From: olafBuddenhagen
Subject: Re: YotH 2010 -- a Year of the Hurd 2010
Date: Wed, 26 Jan 2011 08:01:22 +0100
User-agent: Mutt/1.5.20 (2009-06-14)


On Mon, Jan 24, 2011 at 09:02:40AM +0100, Thomas Schwinge wrote:
> On Wed, Jan 12, 2011 at 04:04:29PM +0100, Arne Babenhauserheide wrote:

> > But though I like the idea, I think Olaf is right with the point, that the 
> > Yoth is not positive enough.
> But we have to be careful to not exaggerate; to not raise false hopes.

How could listing specific advances raise false hopes?

> > - GSoC 2010: 
> >     - dde linux26 (device drivers!)
> Not yet ready.

Actually, the network part is pretty much ready, apart from some minor
issues and cleanups... But then, that's true for other parts of the Hurd

> (And this wasn't a GSoC project, even.)
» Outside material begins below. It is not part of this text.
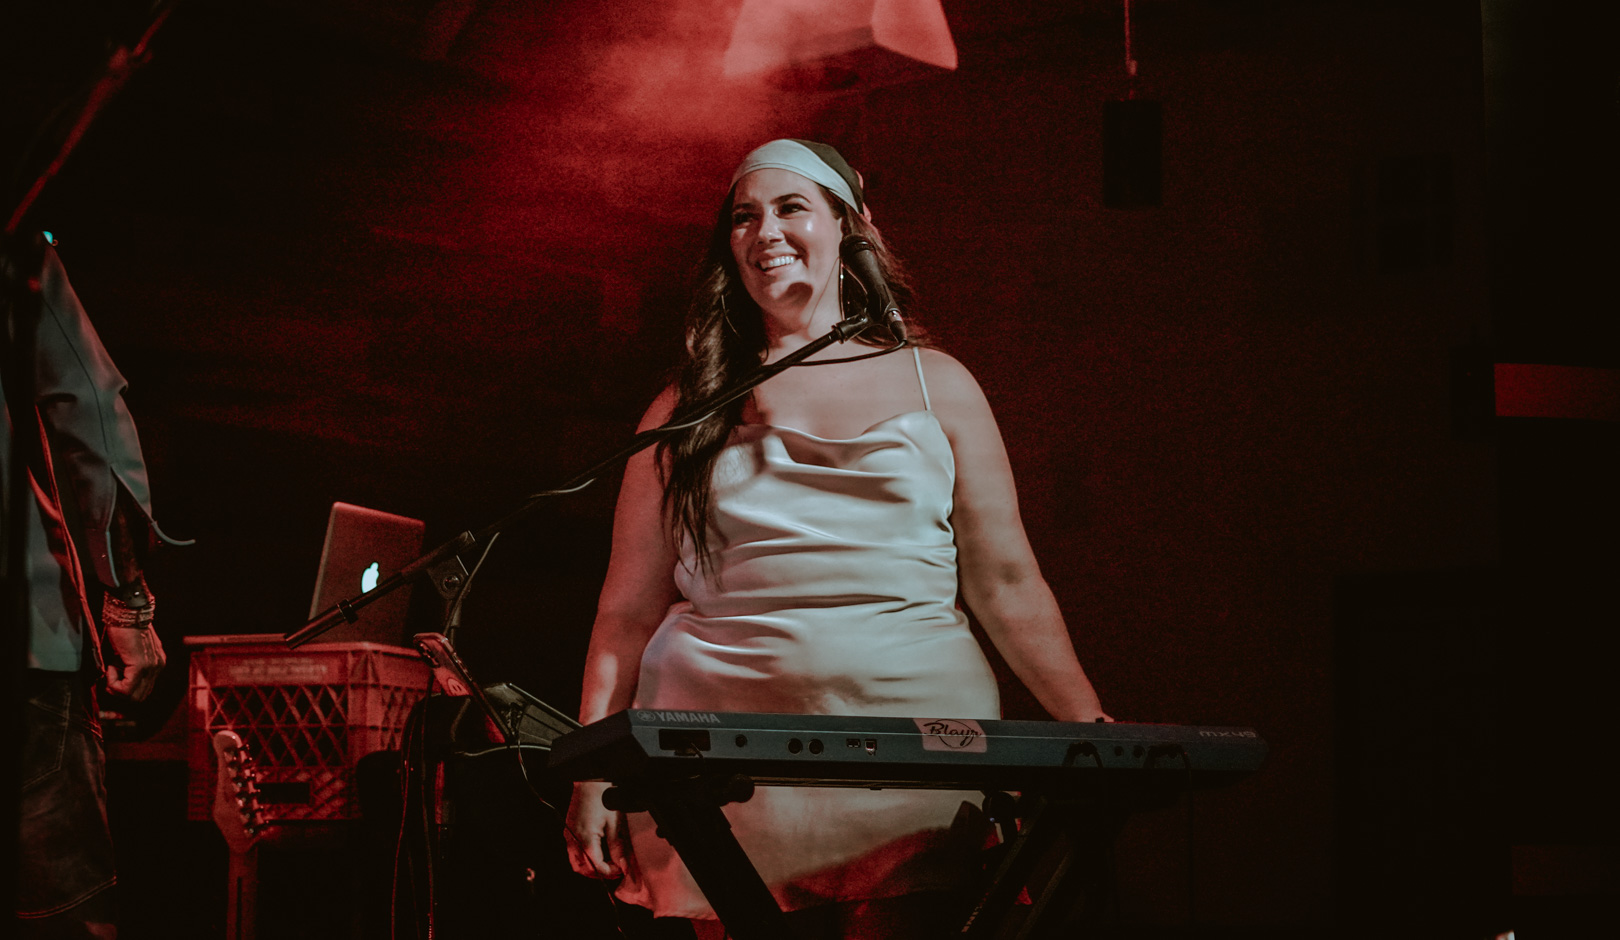 A woman smiling on stage behind a keyboard

> A (stable / usable / ...) procfs implementation is very nice of course,
> but it's not interesting per se -- it's only procfs.

It is one less missing piece for a usable system. I don't see how it is
any less interesting than other improvements.

I agree though that it might not be among the most important bits to
mention in the digest... Feel free to drop it.

> Please send changes against these sources:

As I have rewritten almost all of the text, there is probably no point
in sending a diff... Also, I'd prefer not to bother with texinfo.

Hope you like my version...

GNU Hurd (<http://www.gnu.org/software/hurd/>)

Originally started as the GNU project's take at replacing proprietary
UNIX kernels, the Hurd is nowadays pursued mostly because of it's unique
multi-server microkernel architecture -- bringing advanced operating
system research to the mainstream. According to our mission statement,
the goal is creating "a general-purpose kernel suitable for the GNU
operating system, which is viable for everyday use, and gives users and
programs as much control over their computing environment as possible."

The Hurd doesn't fully deliver on the "everyday usability" goal yet; but
it is seeing continuous improvement -- and 2010 has been no exception.
So let's take a look at the progress throughout the year.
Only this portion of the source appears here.